If I switched to state sponsorship do they take into account the date I applied for my 175? or is it just like starting over? I applied in early march this year


----------



## jilkfree1978 (May 23, 2009)

we can pray and hope cant we!





anj1976 said:


> again if u note, state sponsored (non CSL) comes before MODL, and they dont plan to touch modls right now, if one thinks logically, the time they take for these apps wud be 5-6 months instead of the current 2-3 months.


----------



## xilepeco (Sep 15, 2009)

Well looks like CSL is the way to go other than getting an arranged employment. Computer Professionals can try to get themselves onto the MODL, which would get them onto the CSL right? Anyway that's what I'll be targeting, try to build on my Solaris knowledge.


----------



## anj1976 (Apr 24, 2008)

no mat, i think, and as i was told by my agent, they consider ur lodgement date, just that your application gets converted from 175 to 176, i am not a pro at this, i have become so positive in everything off late, i miss being negative at times 
my logic says, if the state has approved the skill and sponsored the application, it means the state needs that skill, irrespective of CSL or non CSL, so they wont hold the application for years. right now people are getting visa in about 2-3 months from date of lodgement of the application. If you see Aurtita's timeline, she got the state sponsorship in July, 23rd to be precise and she got the visa on 22nd September, which means 2 months flat. now after the new processing timeline, they might take a couple of months more thn current, say 4-6 or maybe 8 months. 

I so hope i am right in my head  and trust me, this is the best for everyone, haven't u seen people who have their visas in hand are reluctant to go because of the bad market.. as my agent says, they are just trying to reduce the number of visas so that the economy that is now getting better, wont go for better to worse. if they remove priority processing, there would be more people moving there which means the unemployment rate would rise drastically.


----------



## matjones (Jan 30, 2009)

anj1976 said:


> no mat, i think, and as i was told by my agent, they consider ur lodgement date, just that your application gets converted from 175 to 176, i am not a pro at this, i have become so positive in everything off late, i miss being negative at times
> my logic says, if the state has approved the skill and sponsored the application, it means the state needs that skill, irrespective of CSL or non CSL, so they wont hold the application for years. right now people are getting visa in about 2-3 months from date of lodgement of the application. If you see Aurtita's timeline, she got the state sponsorship in July, 23rd to be precise and she got the visa on 22nd September, which means 2 months flat. now after the new processing timeline, they might take a couple of months more thn current, say 4-6 or maybe 8 months.
> 
> I so hope i am right in my head  and trust me, this is the best for everyone, haven't u seen people who have their visas in hand are reluctant to go because of the bad market.. as my agent says, they are just trying to reduce the number of visas so that the economy that is now getting better, wont go for better to worse. if they remove priority processing, there would be more people moving there which means the unemployment rate would rise drastically.

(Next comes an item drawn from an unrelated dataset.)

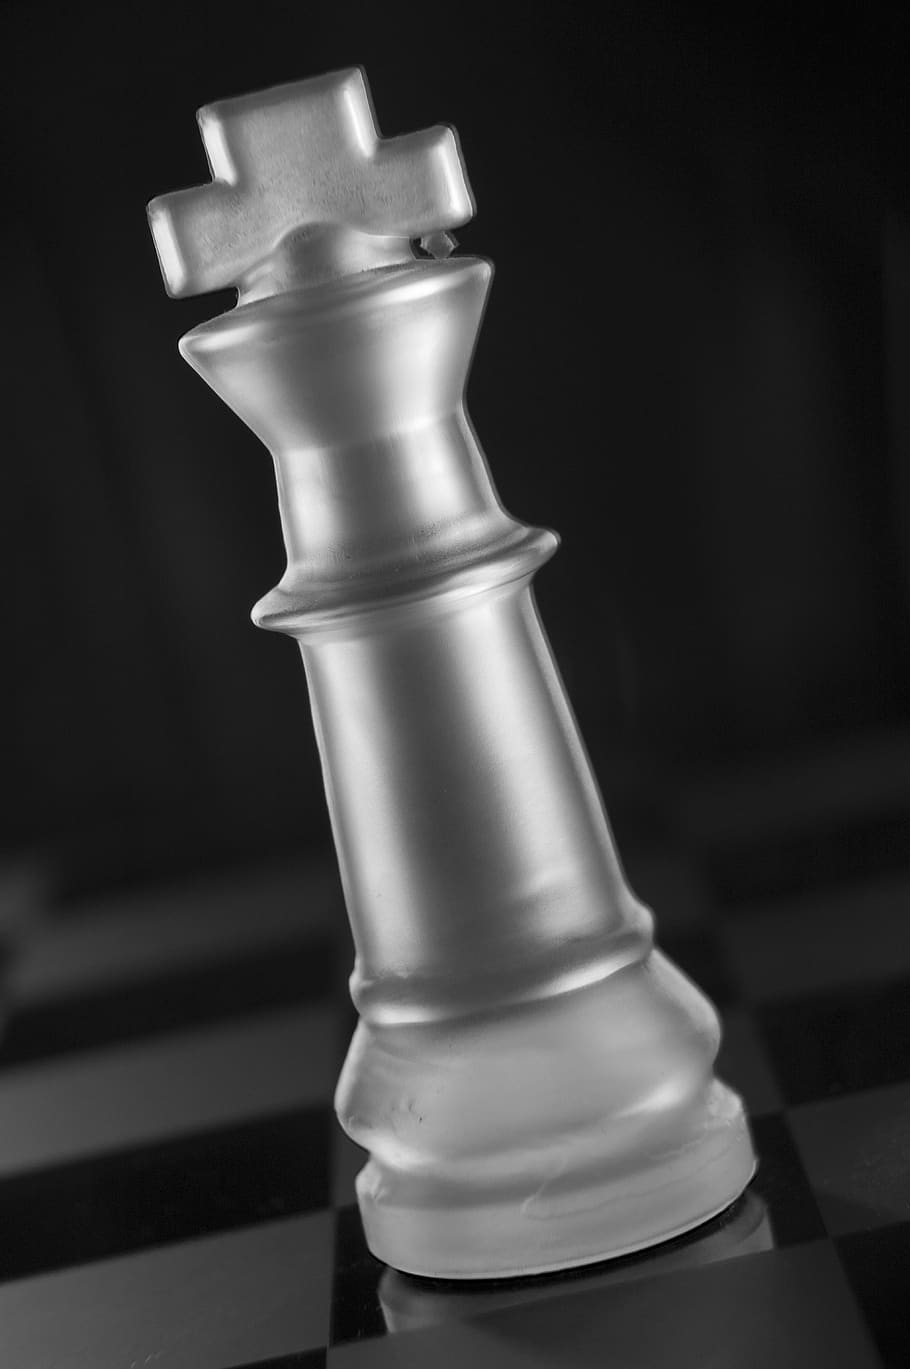 xadrez, vitória, xeque-mate, rei, tabuleiro de xadrez, estratégia, coroa, peça de xadrez, jogo, jogo de tabuleiro

are you doing ACT sponsorship now too?


----------



## anj1976 (Apr 24, 2008)

doing?? we applied 6 months back.. they were holding the IT apps for some reason, which I believe was to figure out which skills should be with a limited quota and which should be open, I guess they are starting the processing now. so we are hopeful we will hear form them soon, they did ask for asset proofs again since we gave all proofs 5 months back, probably they want to make sure we are still as rich


----------



## Madhawa (Jun 12, 2008)

Hi Anj1976

Even it is in the 5th place DIAC saying they won't process Non CSl untill end of 2012.


Cheers


----------



## ritu1234 (Jun 11, 2009)

matjones said:


> Well, thanks DIAC for the bad news:
> 
> "If your nominated occupation is *not* on the CSL and you have applied for an offshore GSM visa or intend to apply for an offshore GSM before the end of 2009, it is unlikely that your visa will be finalised before the end of 2012."
> 
> Anyone want to watch a grown man cry?


Yes i am also the same situations,but the FSL is coming on oct31,is it come or not?
How can state sponsor get the visa after completing the medical and pcc finalized?
Ritu


----------



## anj1976 (Apr 24, 2008)

do u think they would wait for 3 yrs if the state wants the skill right now? why would the state have the skill in their list if they have the skill to fill jobs right now. it is contradictory, and this doesnt state GSM with state sponsored would be processed after/in 2012.


----------



## Michelle_S (Jul 17, 2009)

Madhawa said:


> Hi Anj1976
> 
> Even it is in the 5th place DIAC saying they won't process Non CSl untill end of 2012.
> 
> ...


If your application fall into one of the priority categories (sponsorship), then it will not be the case.

extract from the faq:
Q11 My application does not fall into one of the priority categories. When can I expect to have my application finalised?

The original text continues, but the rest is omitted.